Whereas, the socio-economic and education classification determined how far you could go up the totem pole, today in contemporary Barbados it is sadly a blight against your character. So often, even in political fora and other platforms on which public speaking is done, we hear of "them people up there on the hill who don't know what dey doing." But this perspective goes even further when getting an education or acting or behaving "bright" makes you some kind of leper. For a country, whose founding Father Barrow fought for free education up to the tertiary level, it is quite absurd to think that anyone who took the time to invest in themselves by the way of education is somehow looked at with disdain for just trying.
As for nationality, I don't have to argue my point if you are aware of the goings on in Barbados for the last 10 years and their relationship with "foreign people" across the region. The minute it becomes known that you are not Barbadian, but a CARICOM national, you are marked with a scarlet X. It becomes almost impossible to be considered a Caribbean sister or brother, instead you are deemed an enemy who must be defeated if marriages and jobs are to be saved. And since everything is fair in love and war, treating non-nationals like they are human and entitled to a sense of dignity and self-respect is sadly (to use my favourite word) absurd.

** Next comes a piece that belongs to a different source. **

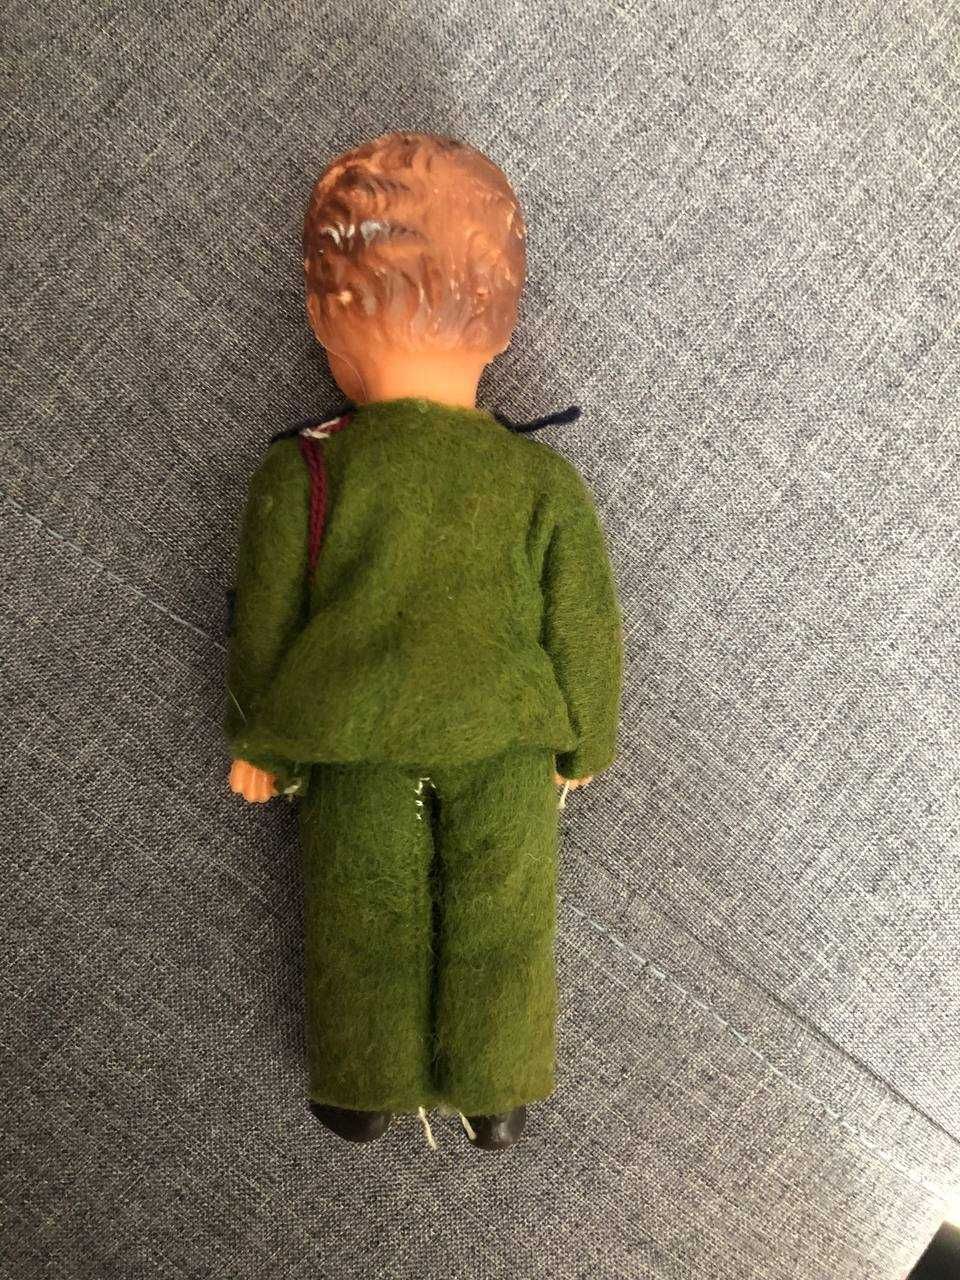 Вінтажна іграшка лялька хлопчик у фетровому костюмі вінтаж ГДР

Assertiveness and Rebelliousness. This one is my personal favourites because as the word 'personal' suggests, I have felt this one. Barbadians are considered the world over as perhaps the most passive of the Caribbean nationalities. Yet in some irony, in this part of the world, when you are quiet and Mary, Mary quite contrary, you are taken as some kind of a joke. You can't be polite, you can't be compassionate, you can't be forgiving and you can't be self-possessed. To be these things is to guarantee a character, and maybe even a physical assault too. The thinking behind this is, if you are the aforementioned in character, then you are fair game to be taken advantage of- bullied and humiliated. Why? You are not, it is assumed, going to fight back. Sadly in Barbados, assertiveness is only understood through curse words, fighting and true to their passive nature, Machiavellian tactics that are always subversive in nature.
While in colonial days one's ability to conform was taken into account in the assessment of worth and value, rebelliousness is today's bog standard. The more wayward, outrageous and thuggish you are the more likely you are to be respected.
Hence, there is this aggression in Barbadians (I know ironic considering their passive reputation) that makes it impossible to treat people with a level of understanding and empathy. Just to survive you have to strip yourself of these normal human characteristics because to not do so would make you vulnerable to the most egregious attacks of character and reputation.
Last but by no means least, the extent to which you subscribe to the use of drugs will surely determine if and where you fit into society. For those who do not subscribe to it in any form or fashion, life is hell. You would think that if you don't have any business in that kind of business that they would just let you be. Sadly, it is absurd to think so.
As a young woman who came of age with no male presence around, I want to suggest another criteria to this list as well. Whether boy or girl, I do think that the extent to which you have a male presence in and around your life also determines if you are to be considered as human. If you have a strong male presence, especially the ignorant ones who don't mind spending some time in jail, I believe that even if society deems you not worthy to be treated with dignity and respect because of failing the criteria, your chances of making it through this maze is greatly improved.
As for my personal experience, like I said, I was not that fortunate to have such a male presence when I came of age and became aware of this fascinating state of affairs. Maybe if I did, life would have turned out quite differently for me.